Mis queridos hijos, a Dios no le podemos preguntar ¿por qué?, porque sabemos que todo lo que Dios hace es santo y justo, y entonces, ante los acontecimientos y ante las etapas espirituales de las almas, sólo nos cabe inclinar la frente y adorar los designios de Dios Nuestro Señor: son sus elegidos y Él los trata de este modo.

Pero abriendo un poquitito, la ventana de la vida espiritual nosotros recordamos aquella frase del apóstol San Pablo: Es necesario que nosotros, tratemos de cumplir en nuestro cuerpo, lo que falta a la pasión de Jesucristo.

La pasión de Cristo ha sido infinita, desbordante, la pasión de Jesucristo ha sido soberana, capaz de redimir a todos los mundos posibles, pero, sin embargo, en su infinita bondad, Dios ha querido dejar un margen para que al correr de los siglos, todo cristiano, por el hecho de estar incorporado a Cristo, participe de su cruz, y se convierta, en cierto sentido, en corredentor con Cristo. Pero cuando Él asocia un alma a su misterio redentor, cuando la hace entrar en comunión con su pasión y con su muerte, cuando en cierto sentido la desposa, pero la desposa en un verdadero desposorio de sangre, es porque Dios quiere invitarla a una corredención mayor, en todo el mundo y en todo el universo. Y aquí, mis queridos hijos, en cierta manera, se ha rebelado, el misterio de esas almas predilectas del Señor, a quienes Dios parece despiadadamente crucificar, acá sobre la tierra.
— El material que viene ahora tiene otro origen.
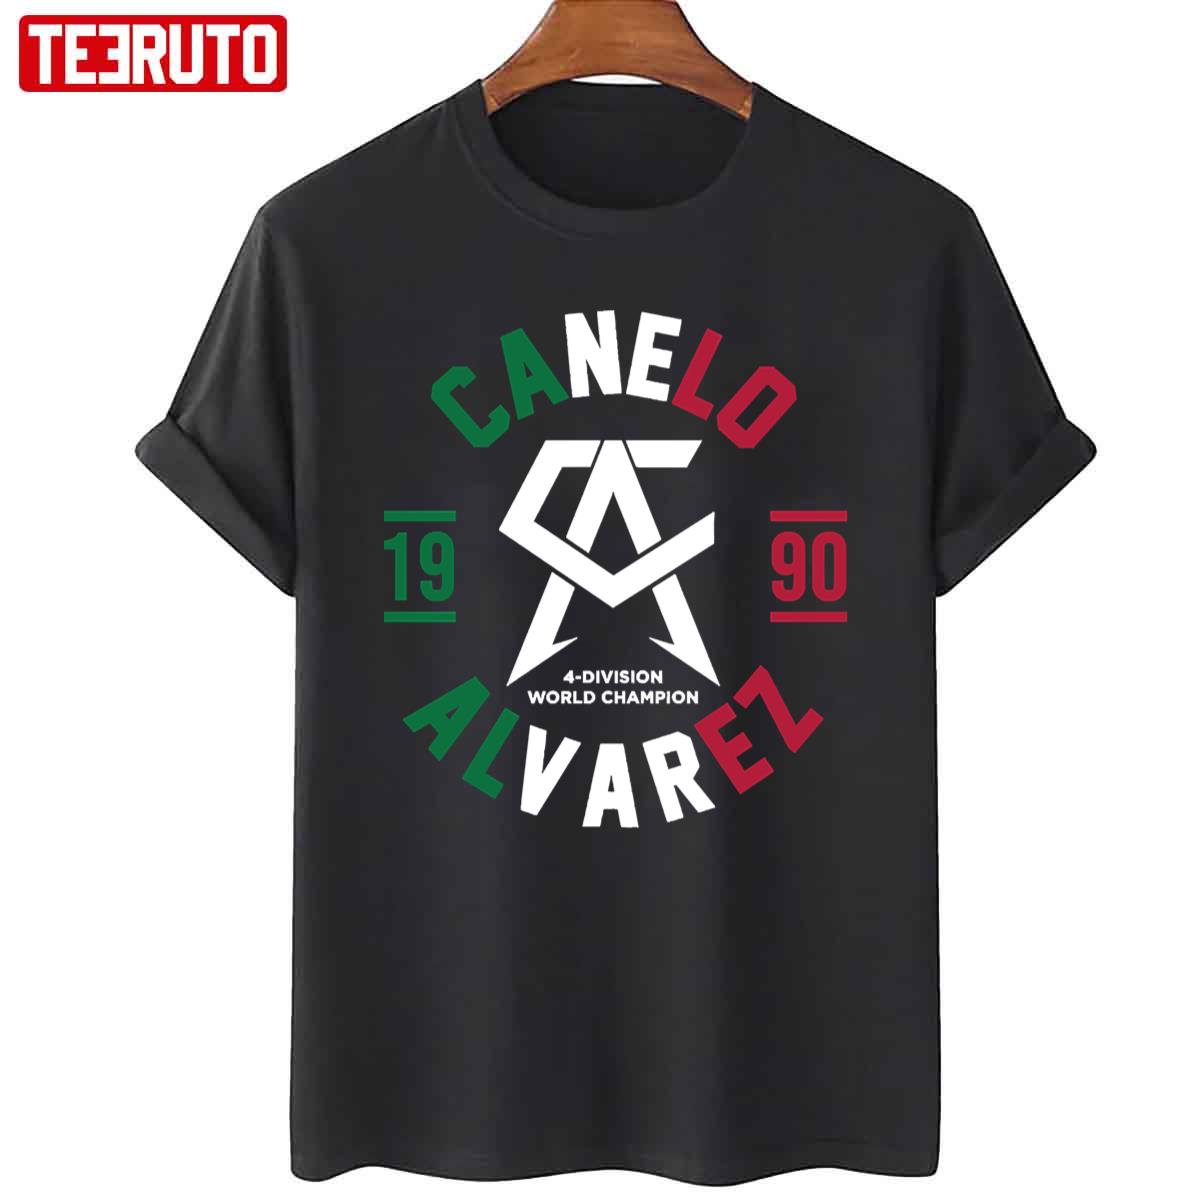 Canelo Alvarez 1990 Classic Unisex T-Shirt

La vida de este siervo de Dios, cuya muerte, hoy conmemoramos acá, no ha sido otra cosa más que un invitado a vivir con toda intensidad la pasión de Jesucristo, a vivirlo por dentro y por fuera, a fin de que su vida fuera en realidad un banco de sangre espiritual para toda la humanidad; y Dios entonces quiso exigirle, en cierta manera cobrarle por anticipado, la gloria de la eternidad, con el dolor y el sufrimiento, aquí abajo.

Yo creo que me será lícito decir nada más que dos palabras del encuentro que yo tuve con él, hace exactamente dos años. Era trece de noviembre, un día domingo, un día de sol, un día extraordinariamente diáfano; había escuchado durante la noche sus quejidos, cuando, abandonándose al sueño, perdía el control de todo su sistema, diríamos, físico, y entonces el dolor y el sufrimiento incontrolado se le hacía desesperante. Pregunto al Padre guardián, ¿qué es esto?, y me dice: no es nada más en los instantes que comienza a dormir y pierde el control sobre su cuerpo; estos gritos por todo lo que tiene que sufrir y por todo lo que tiene que padecer.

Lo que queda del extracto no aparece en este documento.